发动机配气机构凸轮-从动件接触应力分析

配气机构中凸轮与从动件是一对重要的摩擦副,较易出现磨损、擦伤、劈裂等破坏。针对凸轮与从动件之间容易产生破坏的情况,通过改变气门弹簧的预紧力与刚度,以降低凸轮与从动件之间的接触应力,减少凸轮从动件间的接触破坏。利用AVL EXCITE Timing Drive建立某发动机配气机构单阀系动力学模型,对不同转速下的模型进行动力学分析。在Design Explorer中进行拉丁超立方试验设计,再通过Nelder-Mead算法对得到的试验数组进行优化,得出最佳的接触应力、弹簧预紧力与刚度的组合。试验与优化过程中,通过设置接触损失角和气门落座速度两个约束条件对优化结果进行约束,以防止弹簧预紧力与刚度的变化对机构整体的影响。优化得到的弹簧预紧力与刚度使得不同转速下最大接触应力均有所降低,且未出现飞脱现象。
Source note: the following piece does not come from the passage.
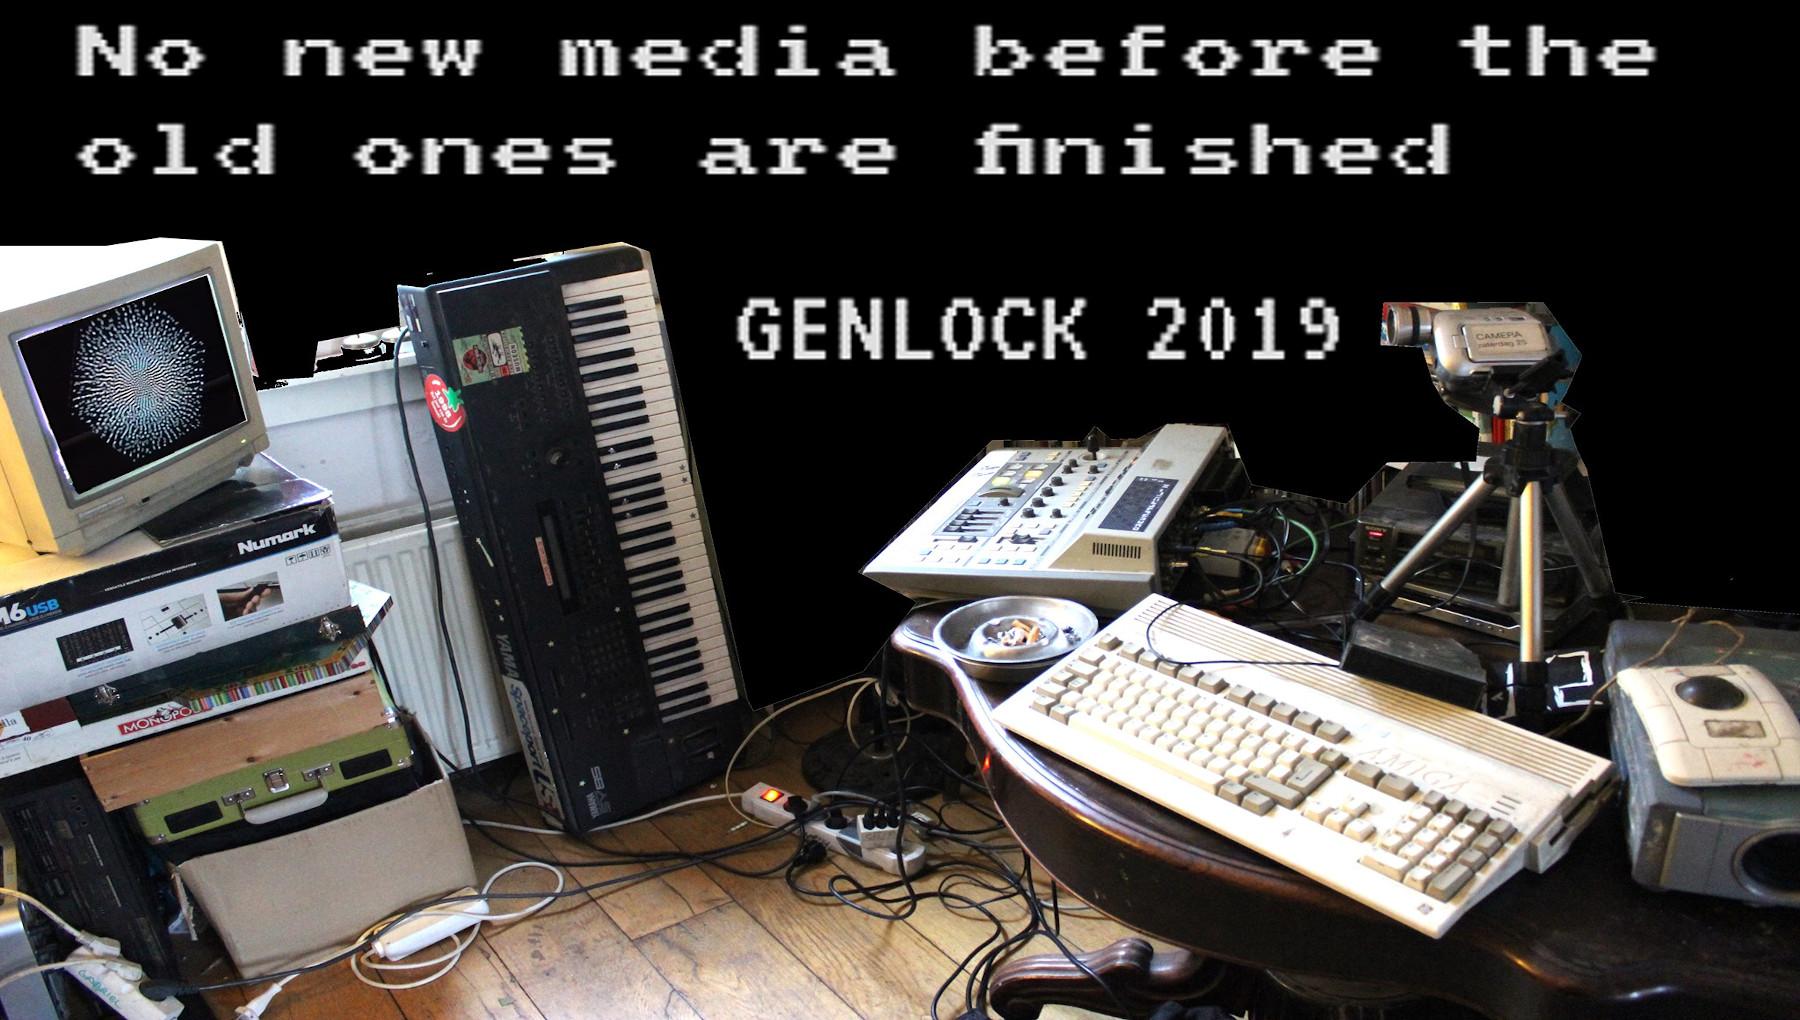 Genlock 2019 2#

Analysis of Cam-Follower Contact Stress in Engine Valve Train

Cam and follower are a pair of important friction pairs in the engine.It prones to wear, abrasion, splitting and other damage. For the case of easy damage between the cam and the follower, changing the preload and rigidity of the valve spring can reduce the contact stress,thus reduces contact damage. The dynamical model of single valve system of engine train is established by AVL EXCITE Timing Drive. And the dynamic analysis of the model under different speed is carried out. In the Design Explorer, the Latin hypercube test design is carried out.Then the Nelder-Mead algorithm is used to optimize the experimental array to obtain the best contact stress, spring preload and stiffness combination. During the experiment and optimization process, the optimization results are constrained by setting the contact loss angle and the valve closing velocity.And the two parameters can prevent the influence of spring preload and stiffness changes on the whole mechanism. The maximum contact stress at different speeds are reduced by the optimized spring preload and stiffness and no fly-off occurred.